Title: MAT2 0.8.0
Date: 2019-02-28 00:01

There is a new minor version of MAT2, the [0.8.0](https://0xacab.org/jvoisin/mat2/tags/0.8.0),
with a single new feature: support for the epub format!
This release is super-close to the previous one, because the [debian buster
freeze](https://release.debian.org/buster/freeze_policy.html) is near,
and some people were really eager to have epub support in mat2 on it, so I
wrote the code as fast as I could.

# Changelog

- Add support for epub files
- Fix the setup.py file crashing on non-utf8 platforms
- Improve css support
- Improve html support

# Debugging an annoying issue on Debian

While adding support for epub, I stumbled upon an interesting issue: everything
was working great, except on the Debian instances of the CI. I tried to
reproduce the issue in a [debootstrap](https://wiki.debian.org/Debootstrap),
but didn't managed to: the testsuite was working. I tried inside a virtual
machine: same behaviour, everything was green.

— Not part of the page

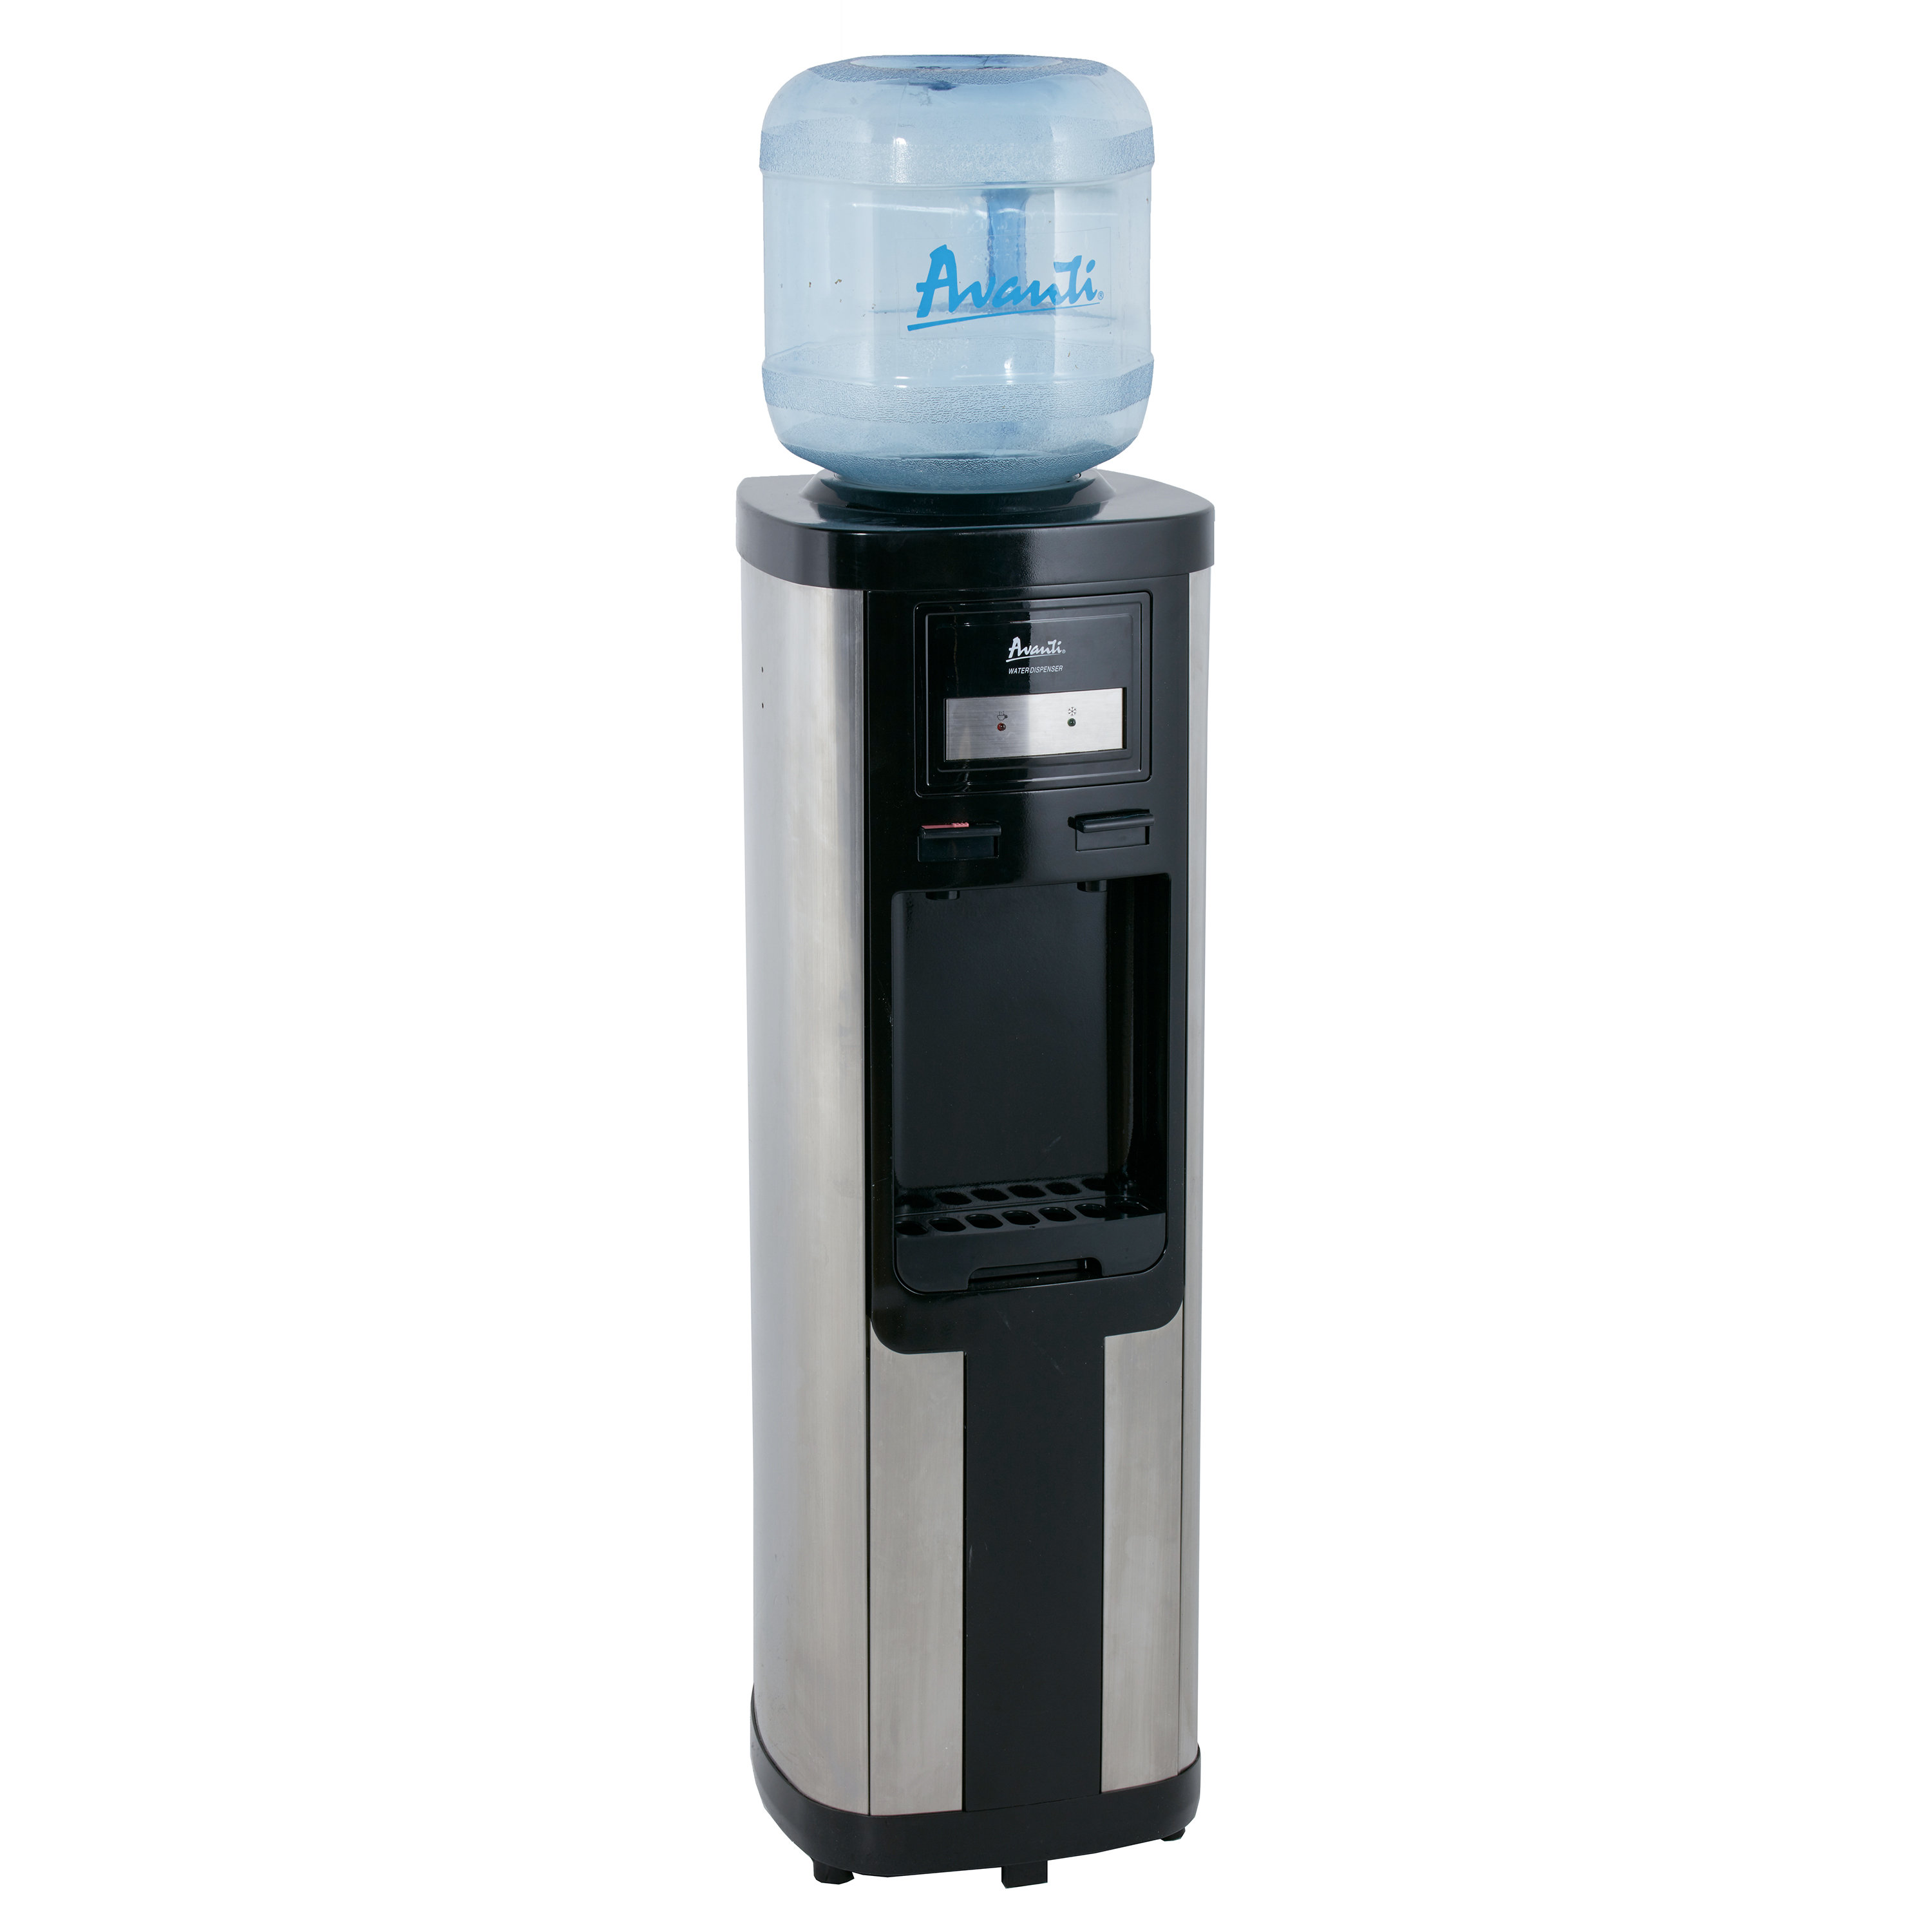 https://assets.wfcdn.com/im/62001395/compr-r85/2253/225367013/avanti-hot-and-cold-water-dispenser.jpg

So I added a lot of calls to `print` everywhere, to see what was going on in
the CI, and this finally boiled down to the infamous
`UnicodeDecodeError: 'ascii' codec can't decode byte 0xc2 in position 1210: ordinal not in range(128)`.
How come that this exception was silently ignored? Well, it's because it's a
subclass of `UnicodeError`, which is itself a subclass of `ValueError`, which
is the exception raised internally by mat2 when something goes wrong with the
parsing of a file.

The fix was to simply specify that mat2 should always use `utf-8` by adding
`encoding=utf-8` in every call to methods/functions related to file-content
manipulation, because the Debian instead in the CI isn't apparently expressing
a preference in the environment about the fact that program shouldn't use
US-ASCII by default for everything.

Moreover, to avoid losing time again, mat2 is now displaying the content of the
exception instead of silently swallowing it.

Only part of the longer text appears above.